Data provided Block Start

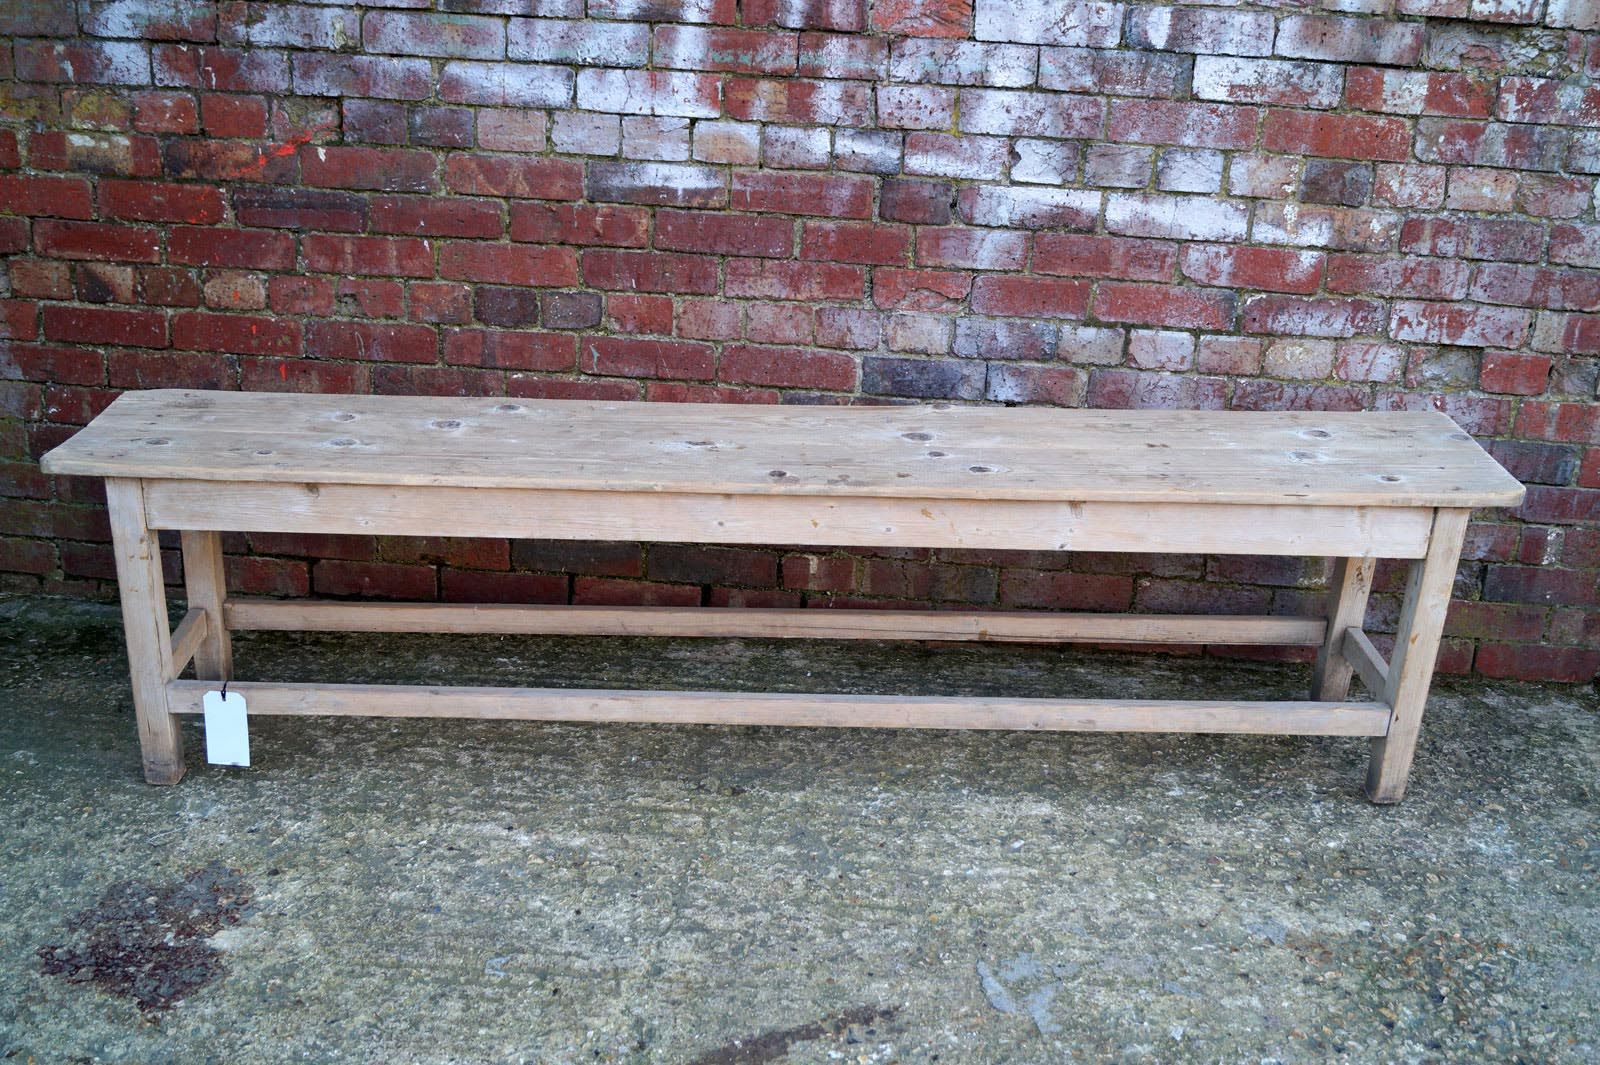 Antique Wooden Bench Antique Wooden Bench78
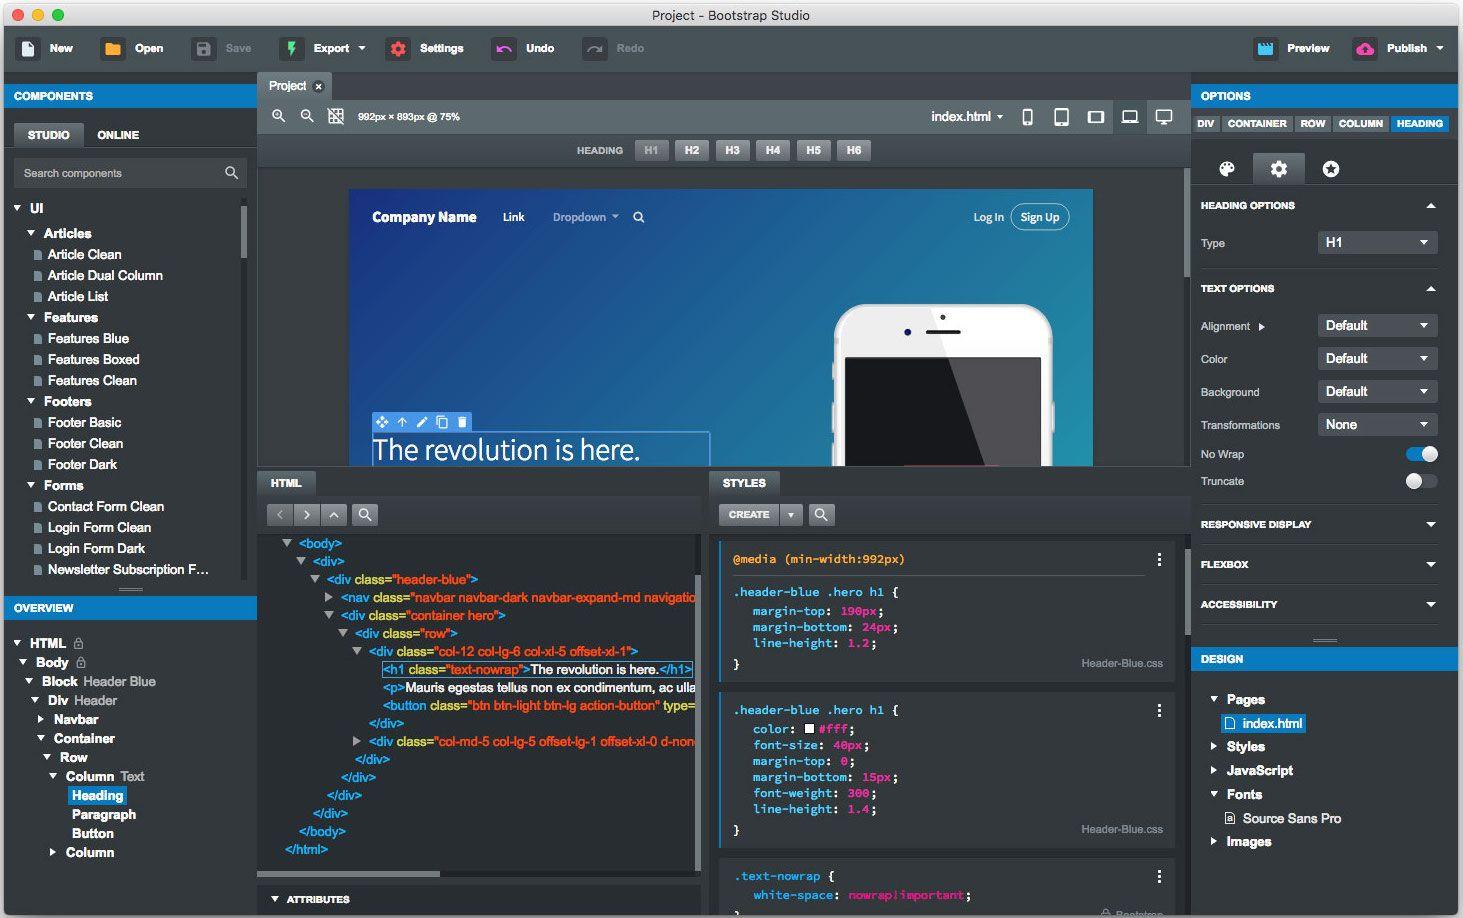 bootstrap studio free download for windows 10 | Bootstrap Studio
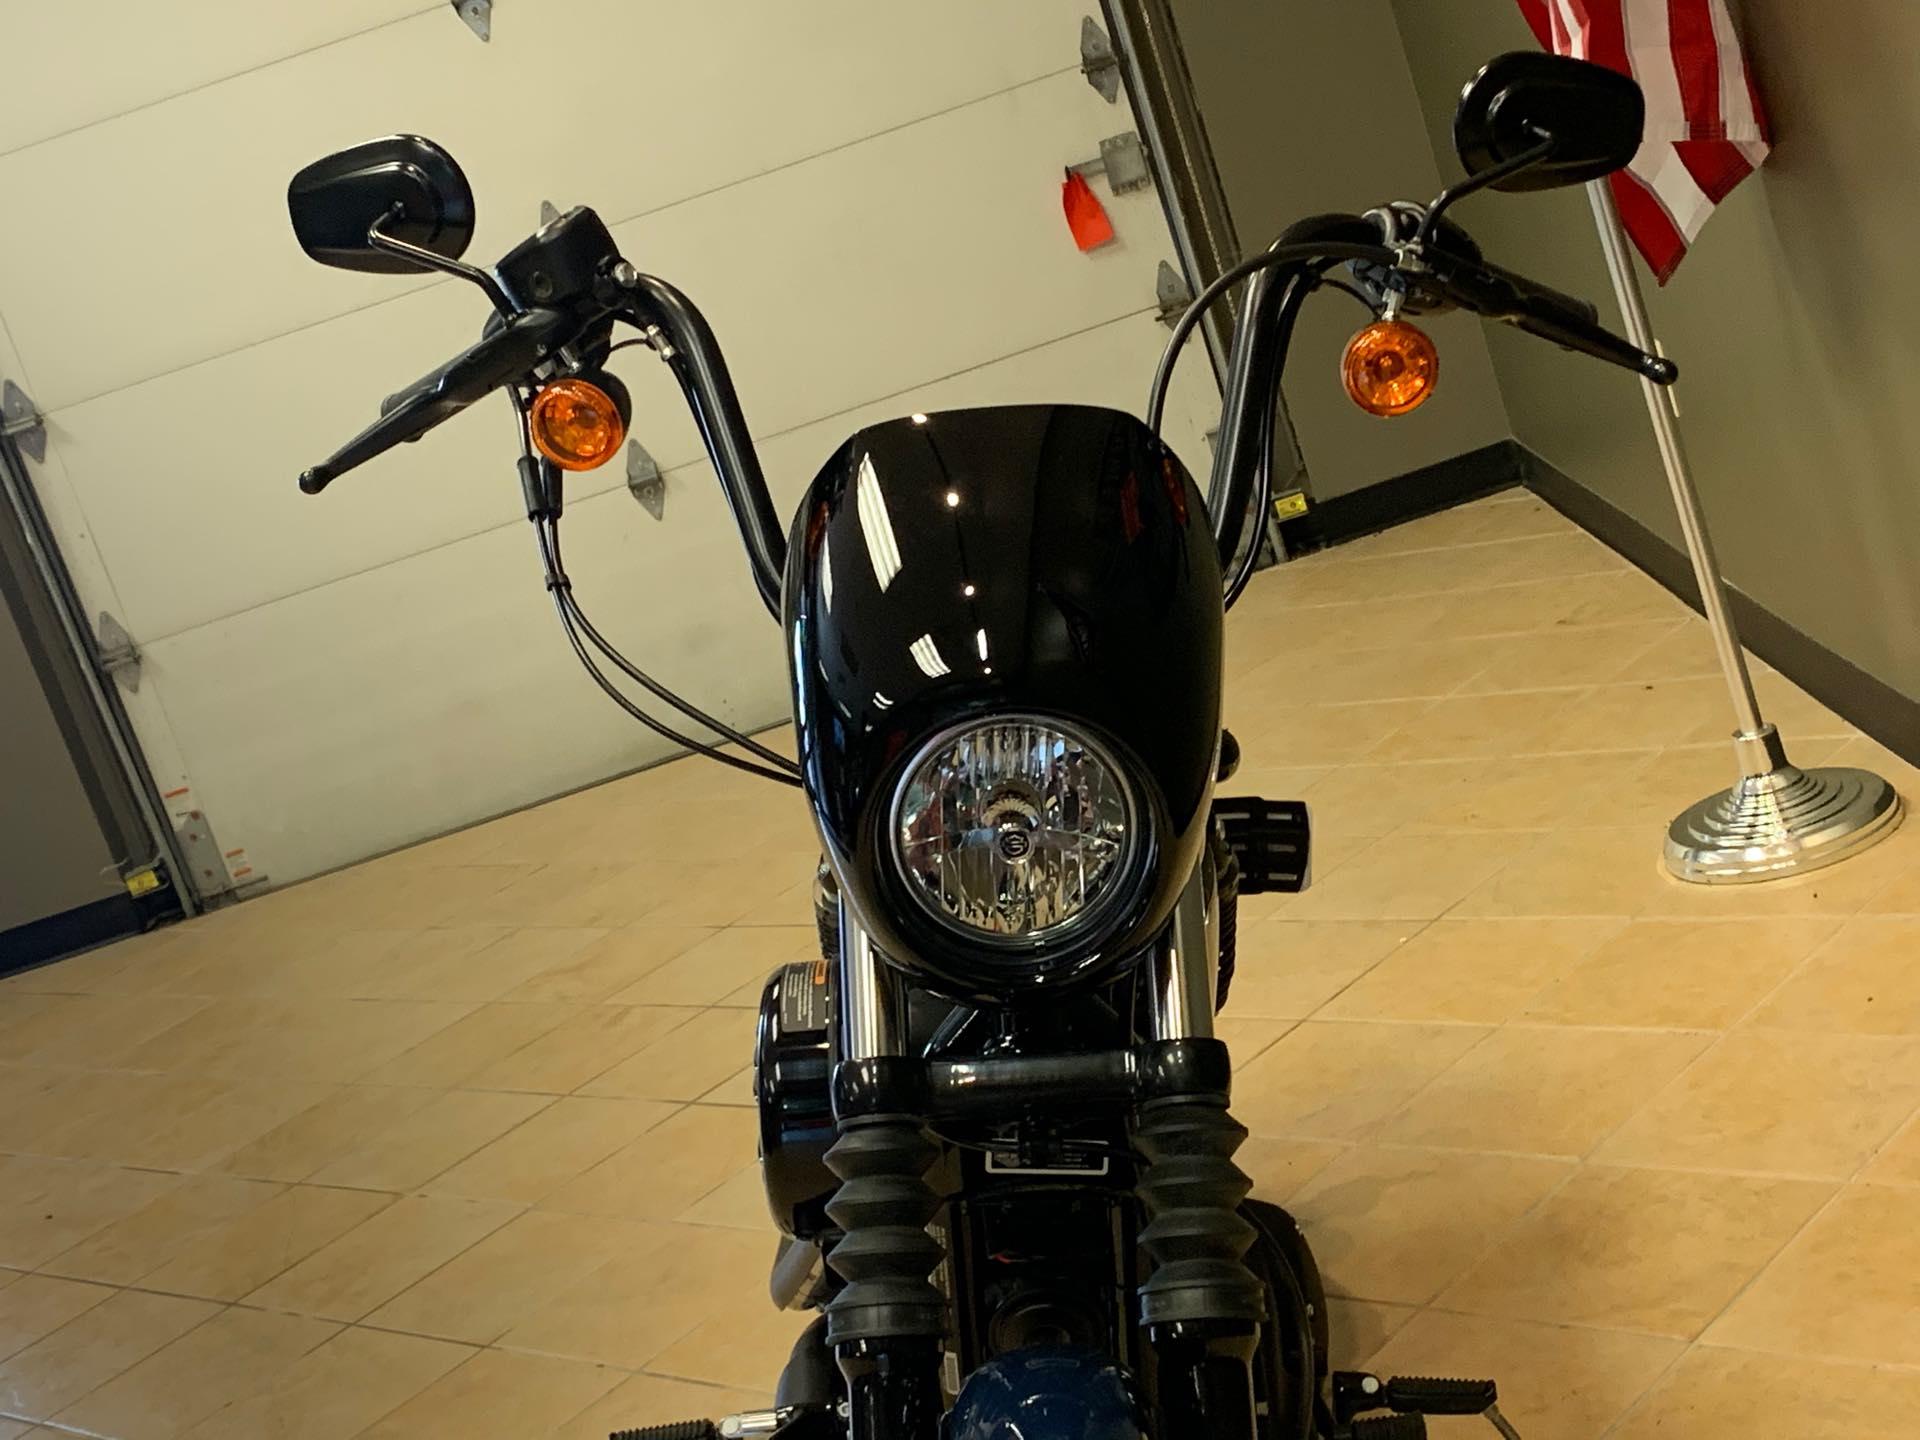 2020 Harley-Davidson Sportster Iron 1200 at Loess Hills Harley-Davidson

Data provided Block End

- Problem to solve -
Please reproduce the material above word for word, without its images.

- Result of this task -
 Antique Wooden Bench Antique Wooden Bench78
 bootstrap studio free download for windows 10 | Bootstrap Studio
 2020 Harley-Davidson Sportster Iron 1200 at Loess Hills Harley-Davidson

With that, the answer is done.